§ **Exercise prompt**
Lines from the one with "purederm peel off mask charcoal отзыв-min" through the end of the listing below are to be retyped exactly.

§ **Supplied entries**
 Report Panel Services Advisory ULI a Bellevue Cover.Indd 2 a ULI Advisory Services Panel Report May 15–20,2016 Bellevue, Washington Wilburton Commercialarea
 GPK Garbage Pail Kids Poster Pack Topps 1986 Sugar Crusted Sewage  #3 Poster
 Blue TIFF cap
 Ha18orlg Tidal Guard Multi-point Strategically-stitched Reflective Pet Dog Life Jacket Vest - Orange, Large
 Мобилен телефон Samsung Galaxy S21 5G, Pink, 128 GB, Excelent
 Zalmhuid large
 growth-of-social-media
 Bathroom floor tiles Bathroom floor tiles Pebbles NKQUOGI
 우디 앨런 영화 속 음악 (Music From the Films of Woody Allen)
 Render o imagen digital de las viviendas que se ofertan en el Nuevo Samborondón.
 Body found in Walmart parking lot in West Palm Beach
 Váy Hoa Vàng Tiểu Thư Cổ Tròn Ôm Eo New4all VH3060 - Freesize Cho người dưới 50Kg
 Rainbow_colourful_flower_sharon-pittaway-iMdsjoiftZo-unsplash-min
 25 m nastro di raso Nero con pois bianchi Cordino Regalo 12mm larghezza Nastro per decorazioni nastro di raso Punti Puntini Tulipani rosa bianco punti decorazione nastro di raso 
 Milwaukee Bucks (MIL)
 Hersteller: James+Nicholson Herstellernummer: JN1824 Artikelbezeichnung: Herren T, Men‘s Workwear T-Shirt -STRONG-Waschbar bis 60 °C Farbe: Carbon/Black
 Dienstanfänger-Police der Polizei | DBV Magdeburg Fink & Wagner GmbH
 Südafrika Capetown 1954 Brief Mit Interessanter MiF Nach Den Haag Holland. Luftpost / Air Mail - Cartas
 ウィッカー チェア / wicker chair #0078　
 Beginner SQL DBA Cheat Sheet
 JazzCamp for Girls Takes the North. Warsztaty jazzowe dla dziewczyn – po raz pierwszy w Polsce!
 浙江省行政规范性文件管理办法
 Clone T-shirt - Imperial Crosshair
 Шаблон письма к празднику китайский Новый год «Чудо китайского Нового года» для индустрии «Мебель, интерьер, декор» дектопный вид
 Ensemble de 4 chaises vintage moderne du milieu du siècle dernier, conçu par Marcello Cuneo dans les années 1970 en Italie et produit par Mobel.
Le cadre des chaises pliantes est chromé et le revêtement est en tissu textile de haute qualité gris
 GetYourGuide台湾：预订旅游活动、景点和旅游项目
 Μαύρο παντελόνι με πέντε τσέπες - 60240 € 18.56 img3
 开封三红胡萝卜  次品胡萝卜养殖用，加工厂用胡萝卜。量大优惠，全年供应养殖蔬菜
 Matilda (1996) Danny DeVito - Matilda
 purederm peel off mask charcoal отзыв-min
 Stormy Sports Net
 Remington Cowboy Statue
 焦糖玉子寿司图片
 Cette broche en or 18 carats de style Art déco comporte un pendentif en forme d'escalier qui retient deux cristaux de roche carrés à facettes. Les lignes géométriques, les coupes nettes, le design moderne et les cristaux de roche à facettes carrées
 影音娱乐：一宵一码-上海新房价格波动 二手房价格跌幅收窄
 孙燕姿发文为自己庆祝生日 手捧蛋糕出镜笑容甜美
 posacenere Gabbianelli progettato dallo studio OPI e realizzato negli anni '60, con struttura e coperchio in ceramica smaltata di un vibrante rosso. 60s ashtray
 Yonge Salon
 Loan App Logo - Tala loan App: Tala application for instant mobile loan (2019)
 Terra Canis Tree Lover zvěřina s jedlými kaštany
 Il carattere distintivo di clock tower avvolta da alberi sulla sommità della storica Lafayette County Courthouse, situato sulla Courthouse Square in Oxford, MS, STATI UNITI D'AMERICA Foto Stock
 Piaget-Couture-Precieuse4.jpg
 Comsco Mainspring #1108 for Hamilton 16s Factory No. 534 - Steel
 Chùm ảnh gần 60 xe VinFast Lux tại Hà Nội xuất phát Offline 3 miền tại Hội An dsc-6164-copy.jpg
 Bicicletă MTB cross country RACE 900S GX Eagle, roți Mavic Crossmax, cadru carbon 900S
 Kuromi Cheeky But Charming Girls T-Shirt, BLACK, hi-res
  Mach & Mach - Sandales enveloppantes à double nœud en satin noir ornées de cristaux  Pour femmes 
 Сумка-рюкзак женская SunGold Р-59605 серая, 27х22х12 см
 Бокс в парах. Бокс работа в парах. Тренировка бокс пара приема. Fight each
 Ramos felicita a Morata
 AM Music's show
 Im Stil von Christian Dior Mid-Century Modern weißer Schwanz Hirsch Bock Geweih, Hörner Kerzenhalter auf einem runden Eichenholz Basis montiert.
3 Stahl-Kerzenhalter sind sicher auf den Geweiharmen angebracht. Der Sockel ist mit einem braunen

§ **Exercise response**
 purederm peel off mask charcoal отзыв-min
 Stormy Sports Net
 Remington Cowboy Statue
 焦糖玉子寿司图片
 Cette broche en or 18 carats de style Art déco comporte un pendentif en forme d'escalier qui retient deux cristaux de roche carrés à facettes. Les lignes géométriques, les coupes nettes, le design moderne et les cristaux de roche à facettes carrées
 影音娱乐：一宵一码-上海新房价格波动 二手房价格跌幅收窄
 孙燕姿发文为自己庆祝生日 手捧蛋糕出镜笑容甜美
 posacenere Gabbianelli progettato dallo studio OPI e realizzato negli anni '60, con struttura e coperchio in ceramica smaltata di un vibrante rosso. 60s ashtray
 Yonge Salon
 Loan App Logo - Tala loan App: Tala application for instant mobile loan (2019)
 Terra Canis Tree Lover zvěřina s jedlými kaštany
 Il carattere distintivo di clock tower avvolta da alberi sulla sommità della storica Lafayette County Courthouse, situato sulla Courthouse Square in Oxford, MS, STATI UNITI D'AMERICA Foto Stock
 Piaget-Couture-Precieuse4.jpg
 Comsco Mainspring #1108 for Hamilton 16s Factory No. 534 - Steel
 Chùm ảnh gần 60 xe VinFast Lux tại Hà Nội xuất phát Offline 3 miền tại Hội An dsc-6164-copy.jpg
 Bicicletă MTB cross country RACE 900S GX Eagle, roți Mavic Crossmax, cadru carbon 900S
 Kuromi Cheeky But Charming Girls T-Shirt, BLACK, hi-res
  Mach & Mach - Sandales enveloppantes à double nœud en satin noir ornées de cristaux  Pour femmes 
 Сумка-рюкзак женская SunGold Р-59605 серая, 27х22х12 см
 Бокс в парах. Бокс работа в парах. Тренировка бокс пара приема. Fight each
 Ramos felicita a Morata
 AM Music's show
 Im Stil von Christian Dior Mid-Century Modern weißer Schwanz Hirsch Bock Geweih, Hörner Kerzenhalter auf einem runden Eichenholz Basis montiert.
3 Stahl-Kerzenhalter sind sicher auf den Geweiharmen angebracht. Der Sockel ist mit einem braunen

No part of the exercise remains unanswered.